There is a force of repulsion between two bodies that are positively charged. When a proton is fired at the nucleus, work is done that allows the proton to approach the nucleus. The potential energy of the proton at distance d from the nucleus is U = k*Q*q/r, where r is the distance of the proton from the center of the nucleus, Q is the charge in the nucleus and q is the charge of the proton.
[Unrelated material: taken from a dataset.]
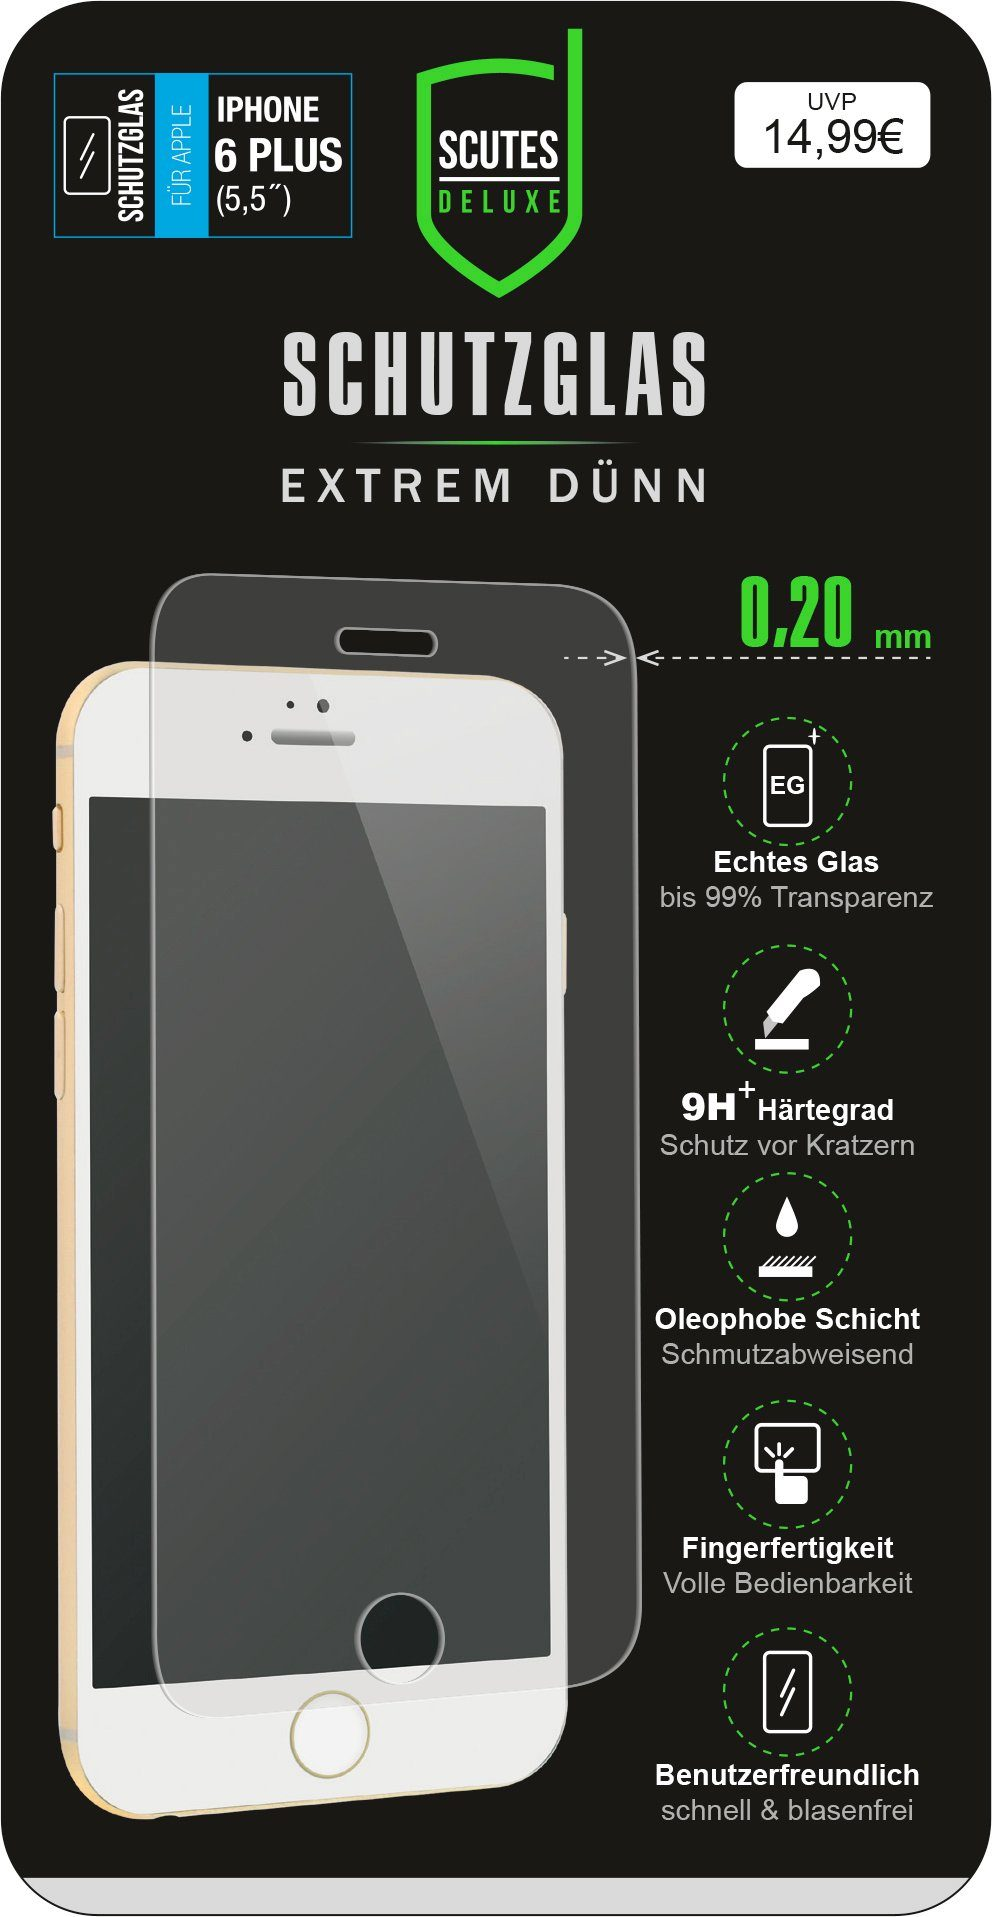 Scutes Deluxe GSM - Zubehör »Schutzglas - iPhone 6/S plus«

If the proton has an initial kinetic energy K, at the turning point, this is equal to the potential energy given by k*Q*q/r.

k is Coulomb's constant equal to 9*10^9 N*m^2/C^2. The charge of a proton is 1.602*10^-19 C. At a distance of  8.2 fm from the surface of the nucleus, the potential energy of the proton is:

`(9*10^9*82*1.602*10^-19*1.602*10^-19)/((7.1+8.2)*10^-15)`

= 1.23*10^-12 J

One joule is equal to 6.242*10^18 eV.

1.23*10^-12 J is equal to 7.72*10^18 eV.

The kinetic energy of the proton should be 7.72*10^18 eV for it to have the required turning radius.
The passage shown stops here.